__What you will do__: Pictures stay out. Everything else in the listing below gets written out exactly.
---- Data segment
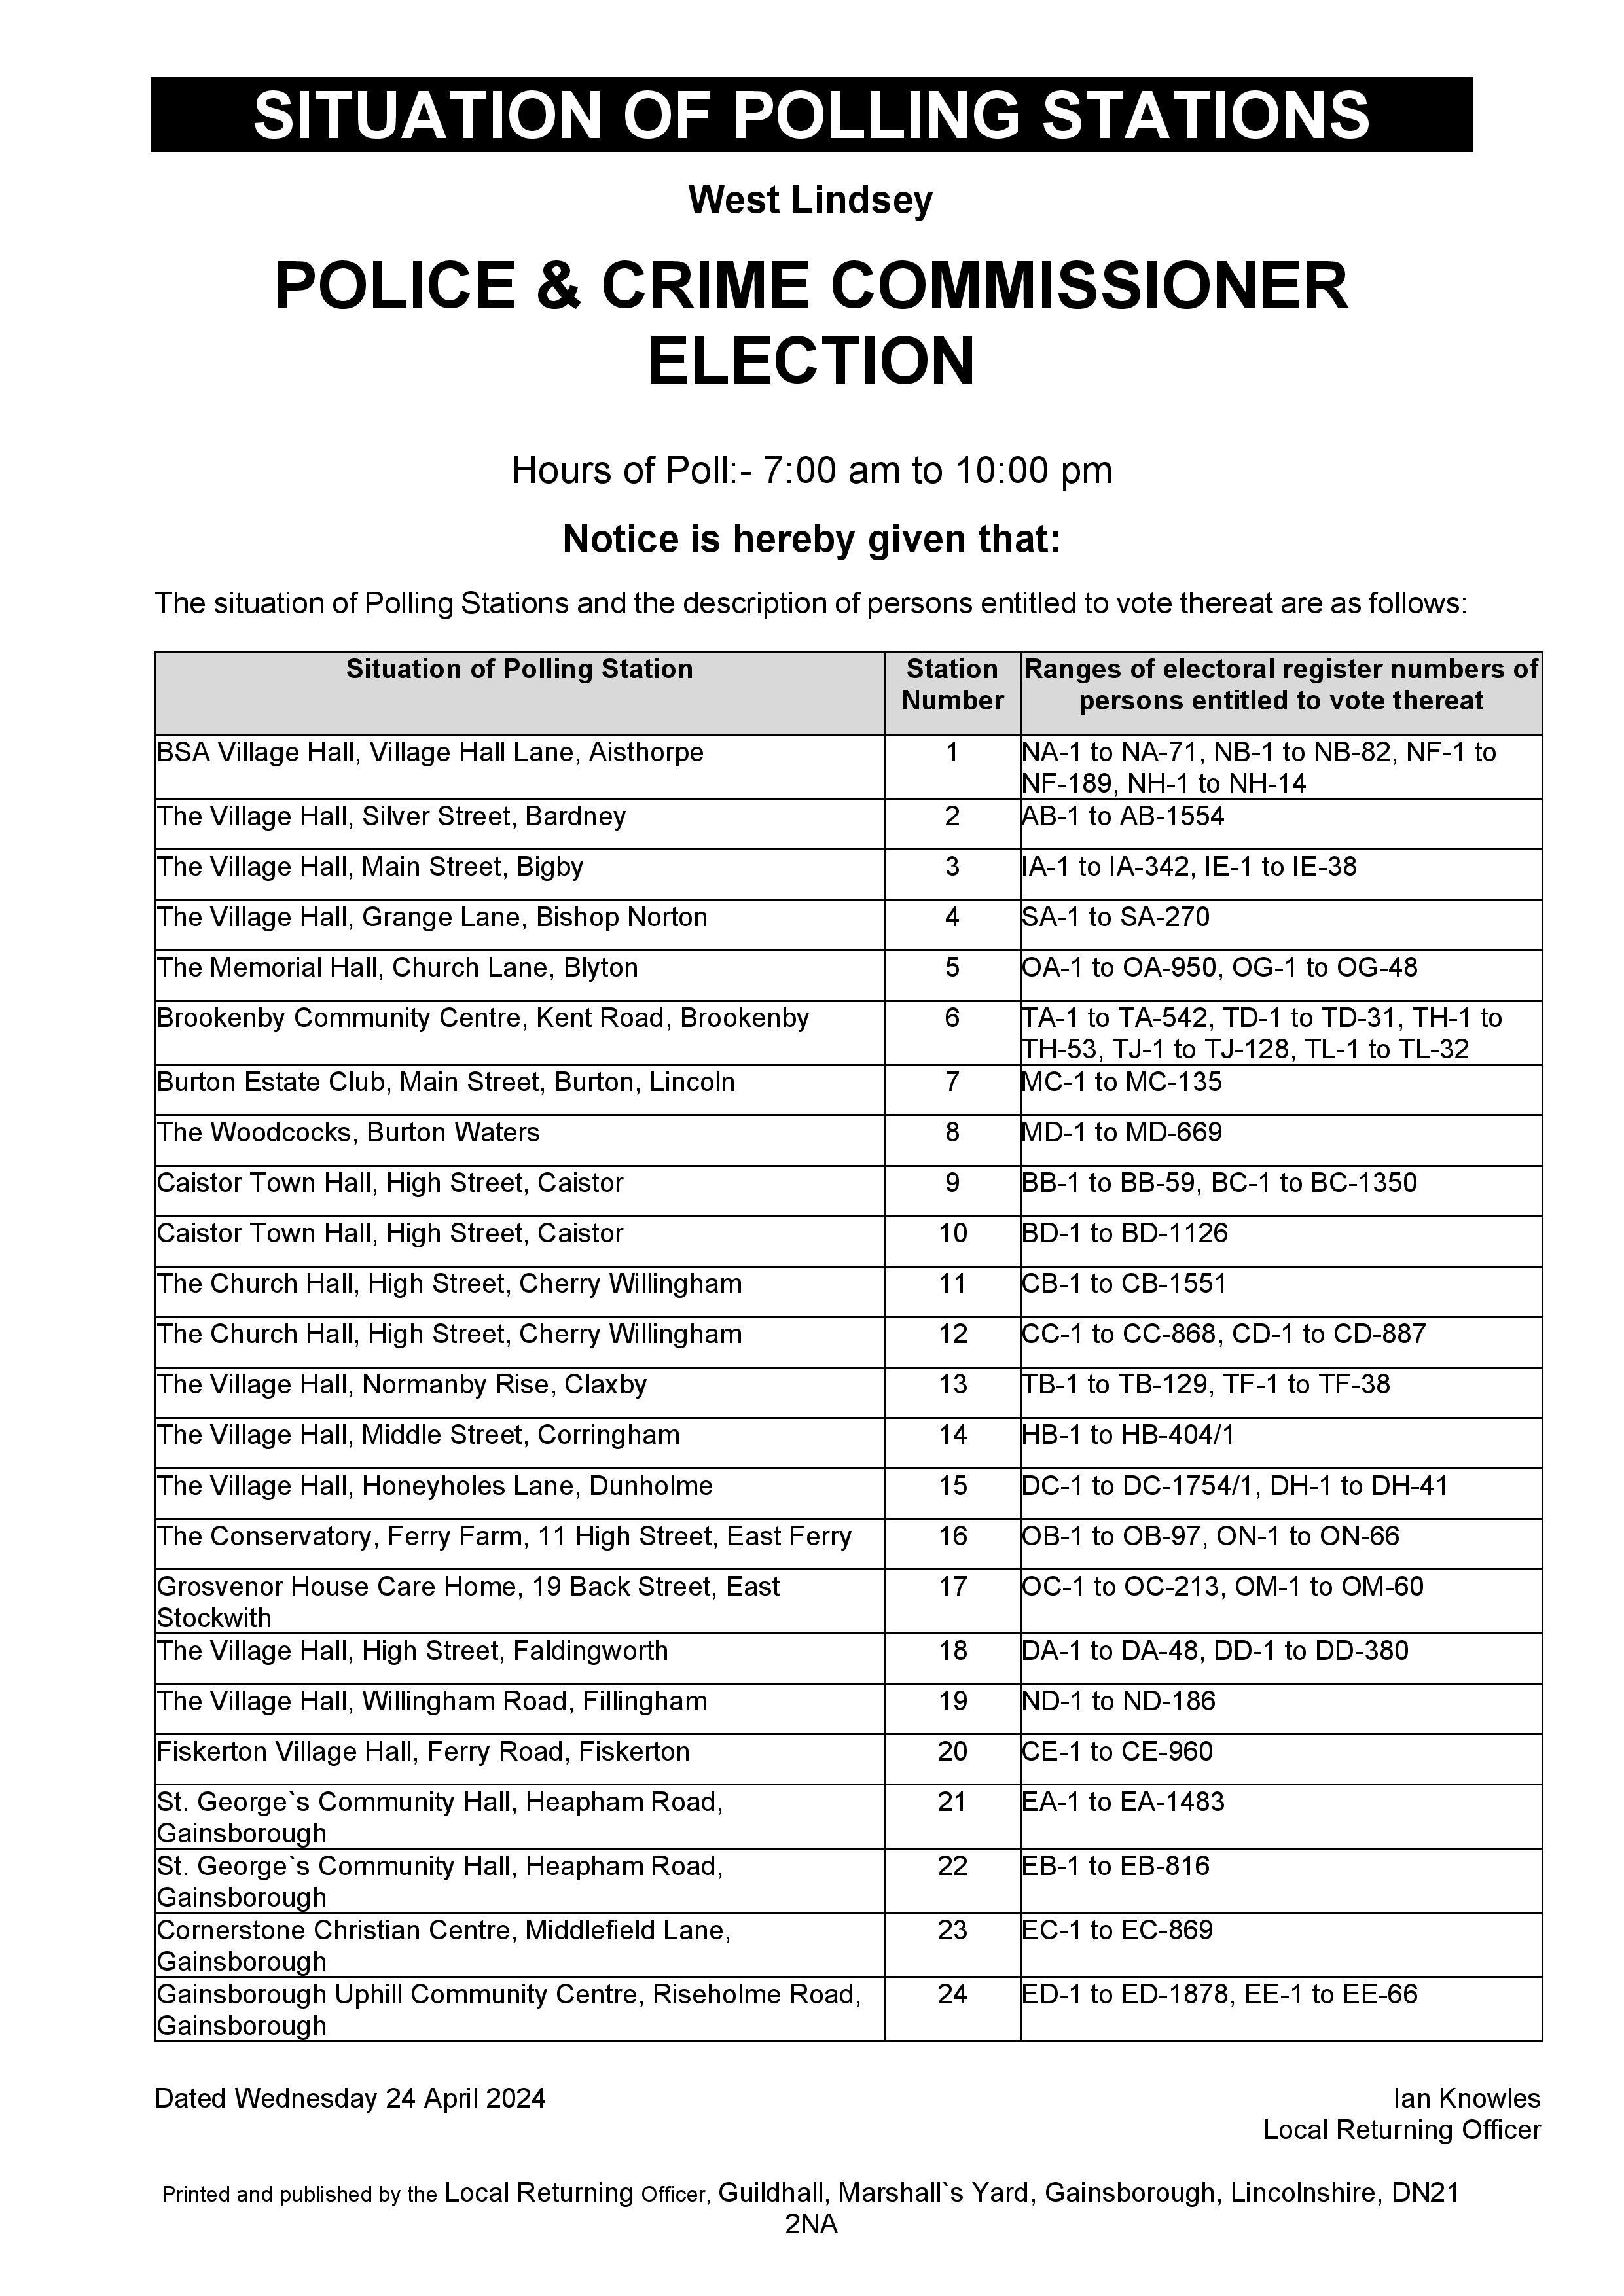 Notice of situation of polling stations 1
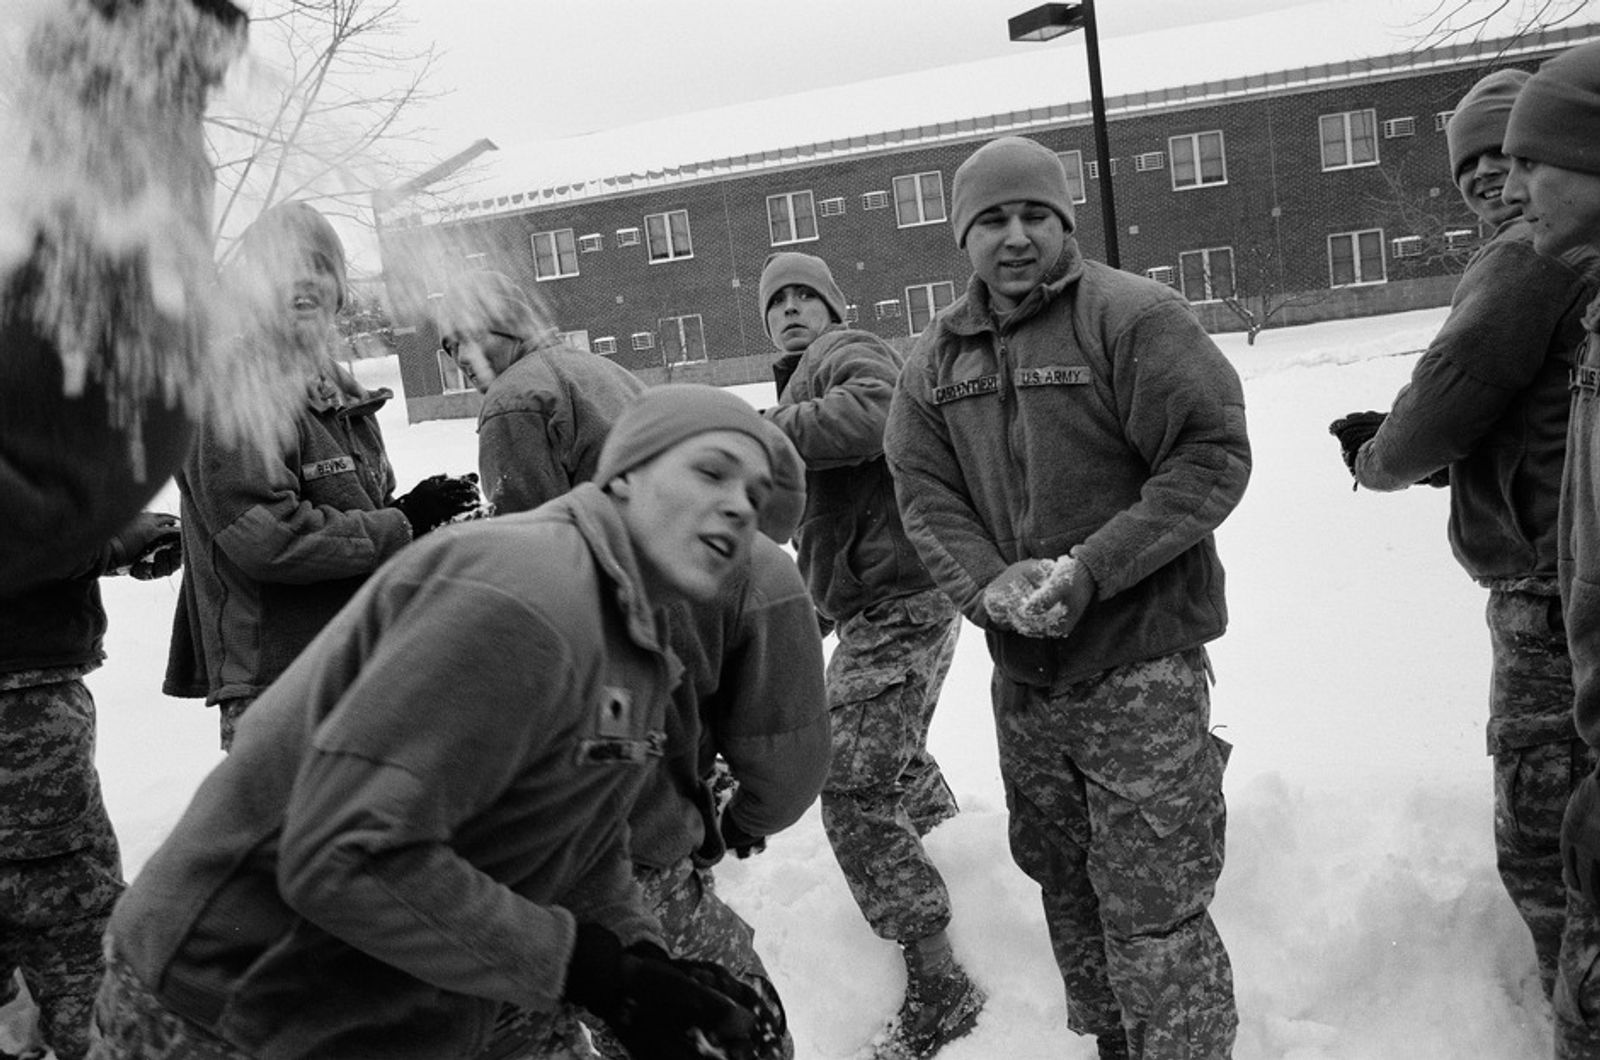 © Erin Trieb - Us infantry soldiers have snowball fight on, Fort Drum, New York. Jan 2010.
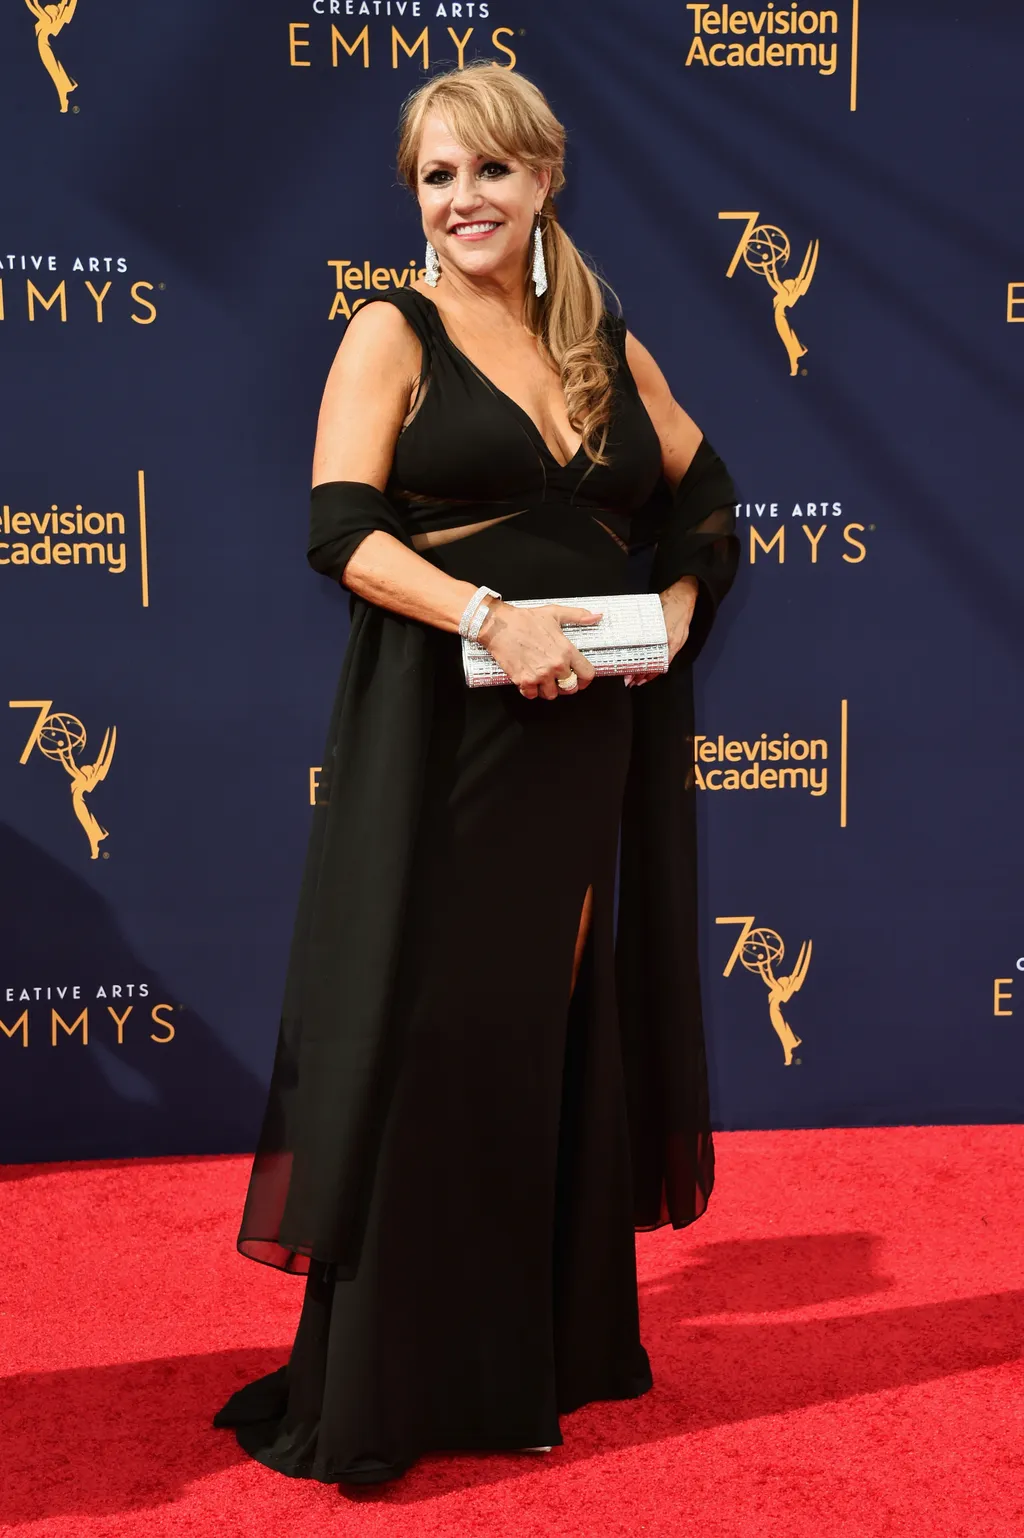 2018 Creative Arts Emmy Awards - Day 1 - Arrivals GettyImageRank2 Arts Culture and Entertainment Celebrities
--------
__Result below__:
 Notice of situation of polling stations 1
 © Erin Trieb - Us infantry soldiers have snowball fight on, Fort Drum, New York. Jan 2010.
 2018 Creative Arts Emmy Awards - Day 1 - Arrivals GettyImageRank2 Arts Culture and Entertainment Celebrities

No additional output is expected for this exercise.